Given this, I think we could take the following steps in the short term:
Enabling folding of “large” integer operations under a flag or function_ref check, disabled by default.
Bringing FMFs and rounding modes to all these vector operations.
Enabling folding of “large” FP operations with the appropriate FMF and rounding mode under a flag or function_ref check. Different folding strategies could be implemented based on the provided FMFs.
In the longer term, this should be integrated into an MLIR FP model. The folding behavior could even be modeled with an independent “folding mode” attribute or a dedicated FMF, as we considered for other FP behaviors. Unfortunately, it’s not clear to me when an FP model will be proposed for MLIR.
I feel that the following nuance might be the key to allowing you to get what you need with minimal friction:
Maybe you don’t need this constant-evaluation pattern to be a folding pattern, that is, to be a ::fold() method.
Being a folding pattern is what really heightens the requirements of unobservability here.
If it were just a pattern with a populateImansFoldingPattern() function that downstreams could choose to call or not, that would allow you to do whatever you want.
And then if in some cases if can be proven to be unobservable and really useful to have as a folder, the decision to add that to ::fold() can always be revisited later.
It is equally valid, but we can only fold if we guarantee that the result is the same as the actual implementation; otherwise we may end up with self-contradictory/unsafe code.
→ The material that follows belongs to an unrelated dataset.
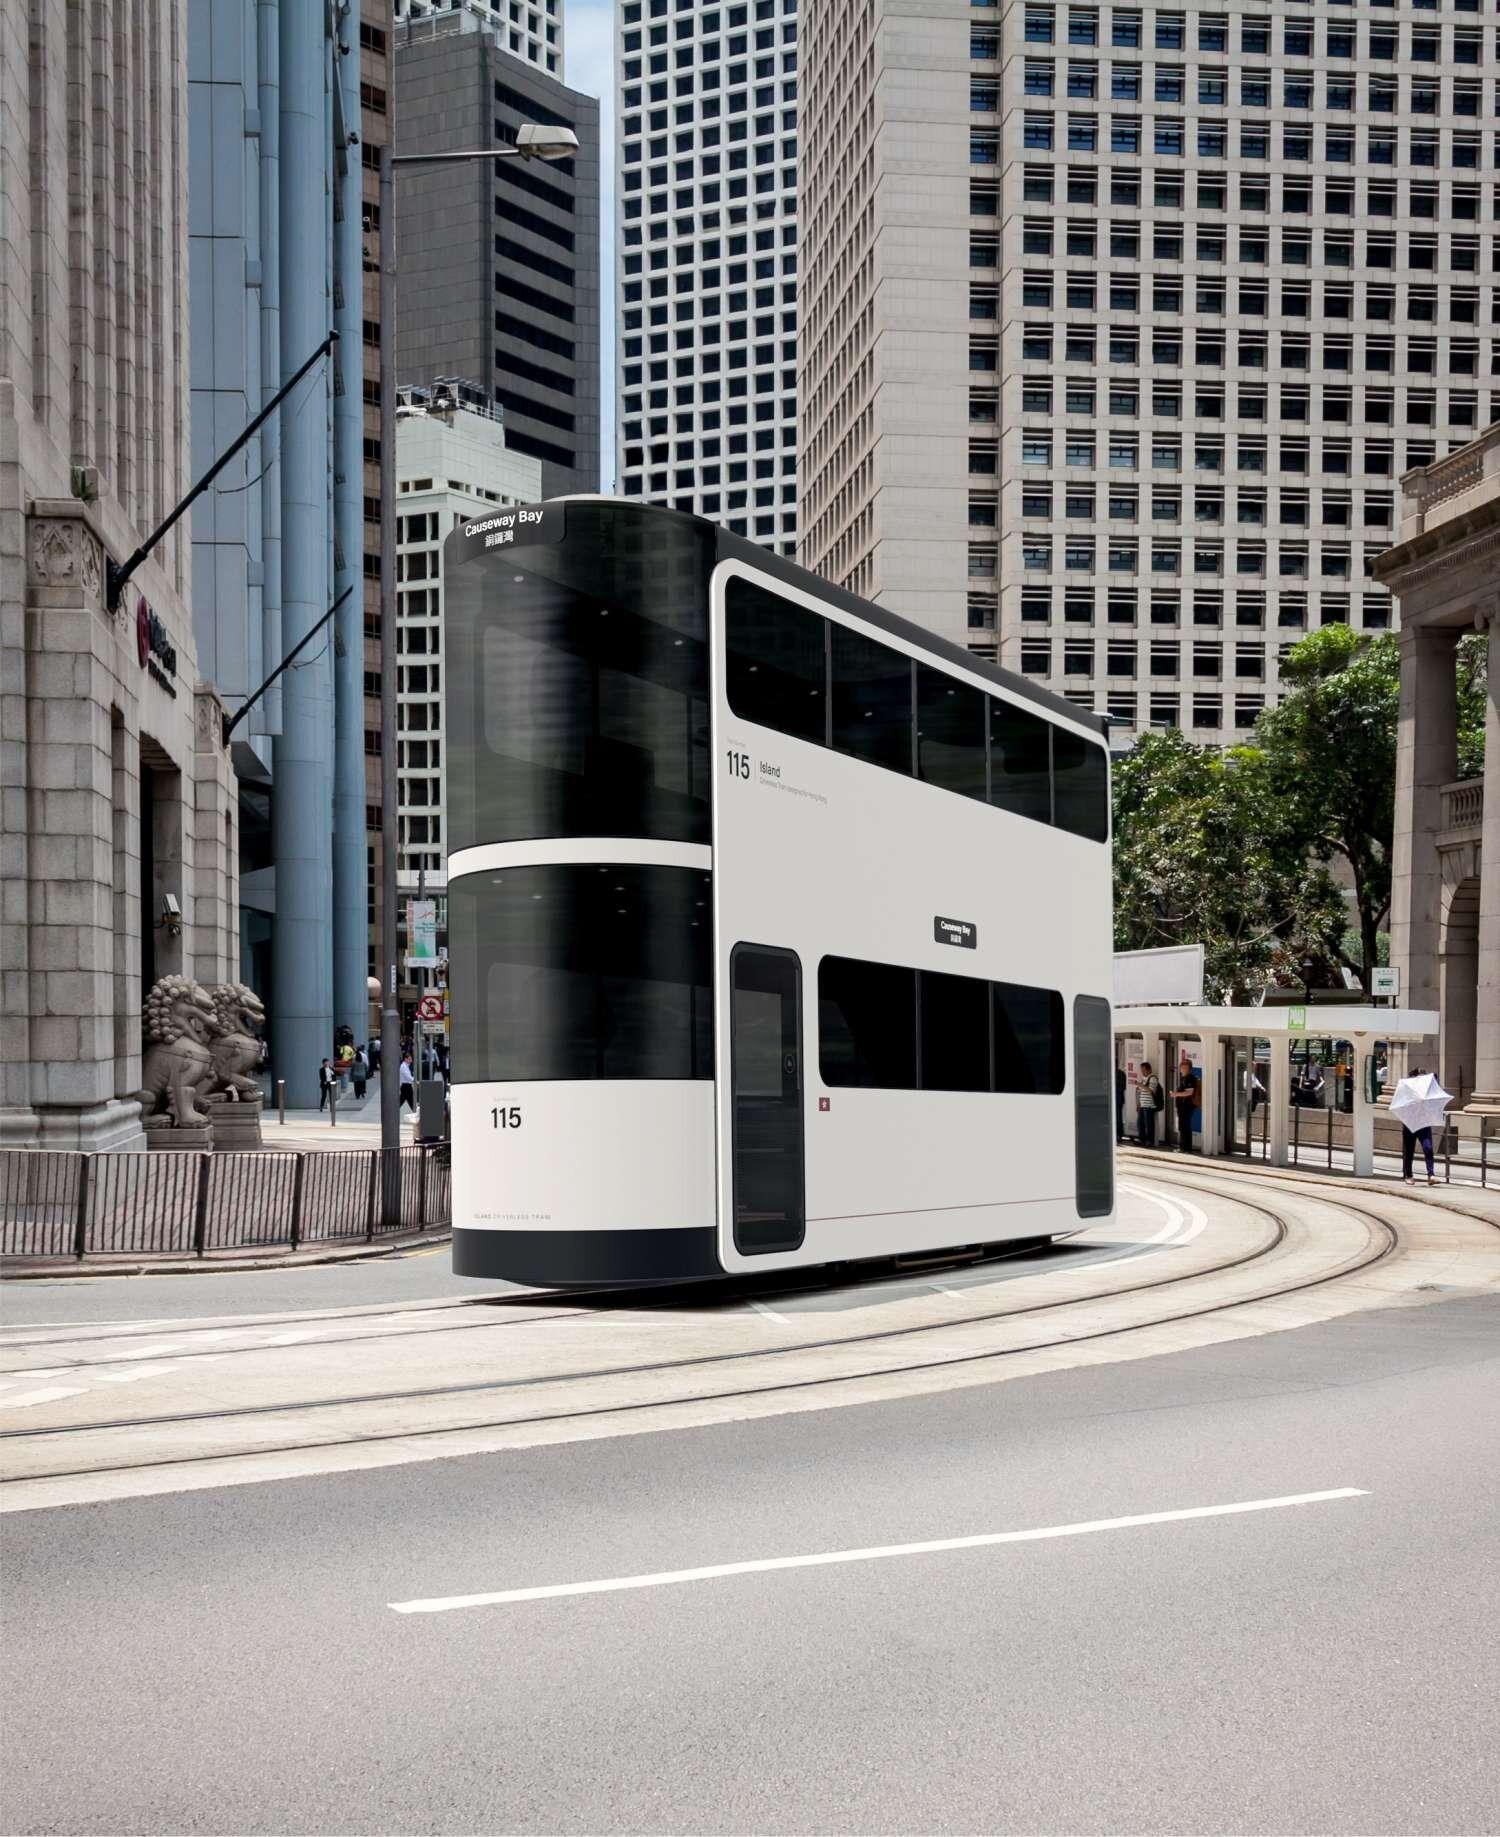 Andrea Ponti's Island Tram Reimagines The Public Transport
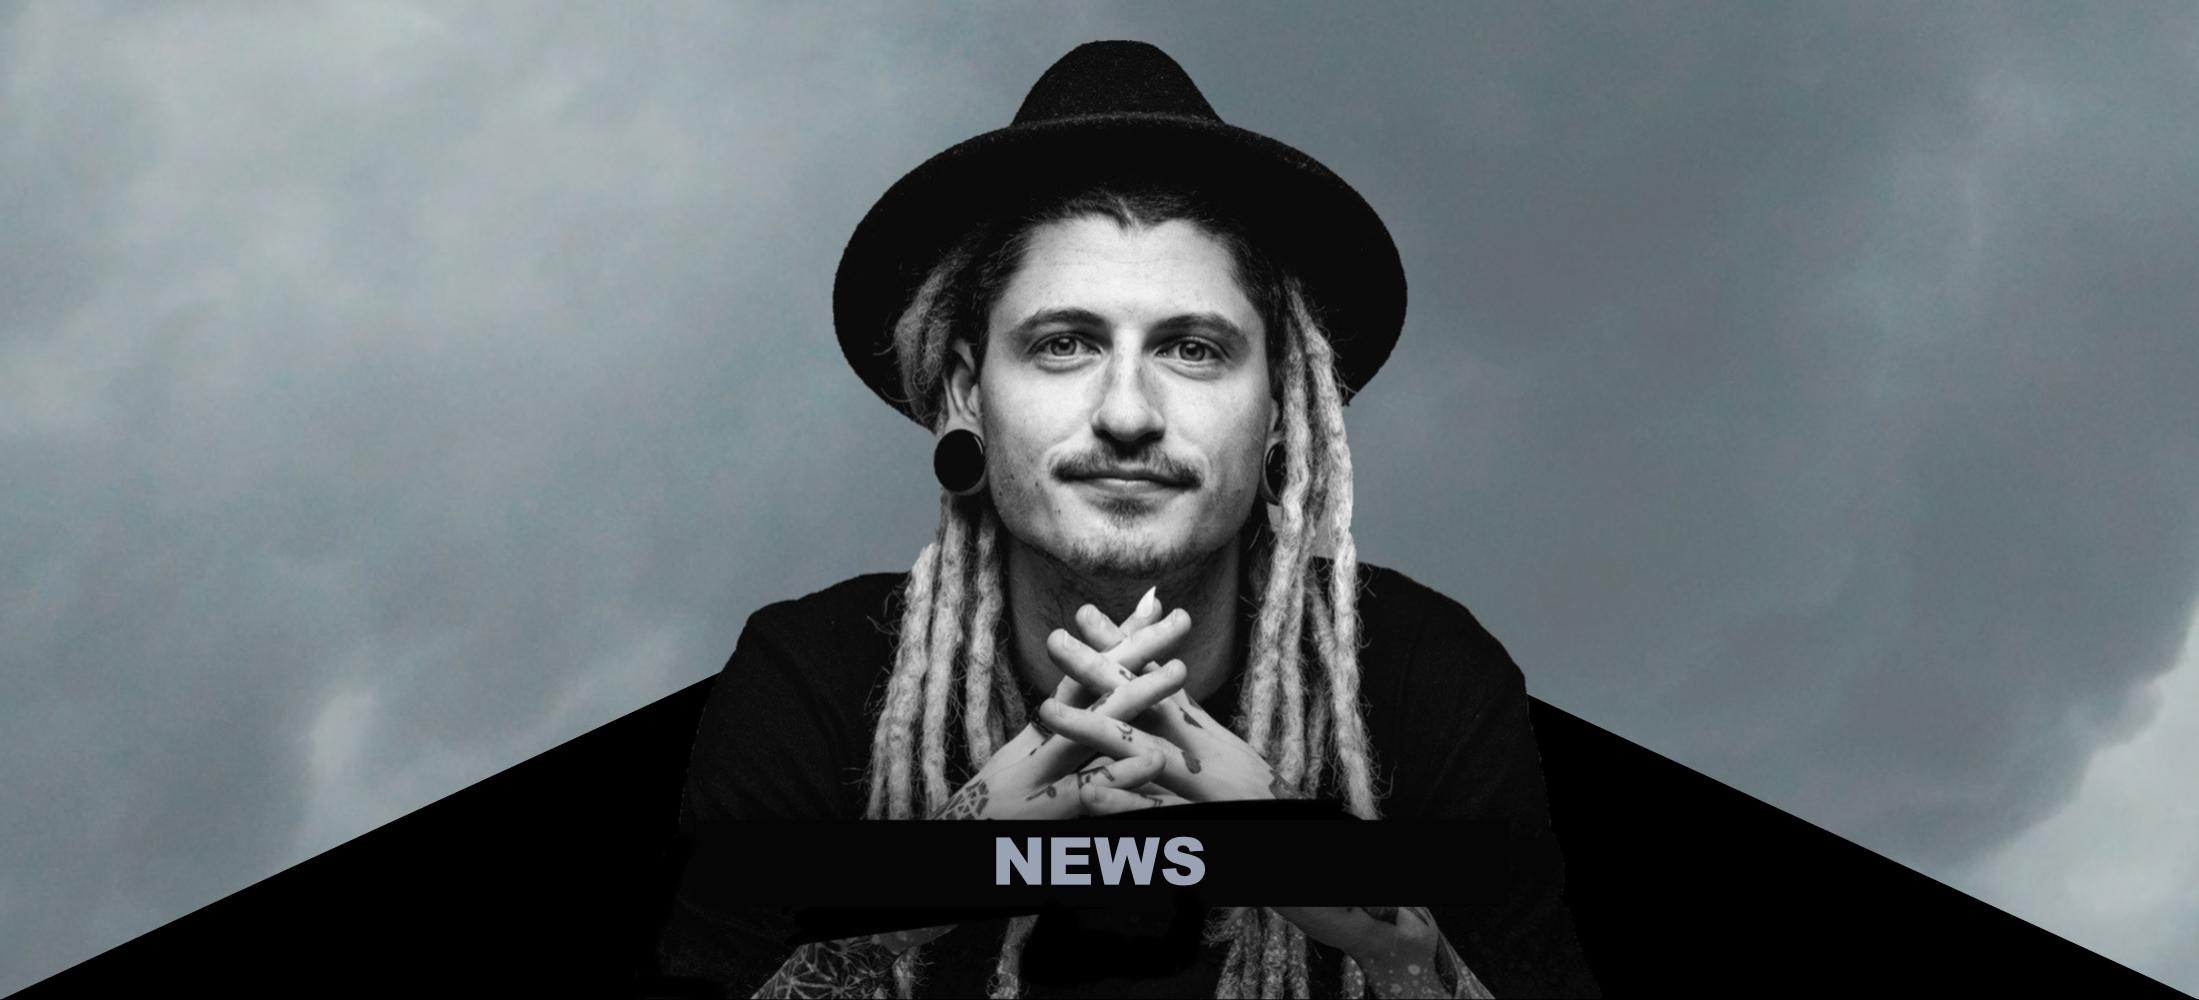 bg_hero_news

For example, consider something like this (pseudocode):
It’s possible that foo is only safe to call for values greater than 42 and even though we checked that x and const are bit-identical, we end up violating this precondition by evaluating reduction twice: once at runtime, once when folding.
+1 Provided that the underlying target is LLVM. Not sure about SPIR-V, @kuhar ?
vector.reduction seems much higher-level than llvm.vector.reduce and not limited to very small vectors. But even for small vectors, the spir-v lowering uses an unspecified order via spirv.dot. When that’s not available, we expand to a tree reduction.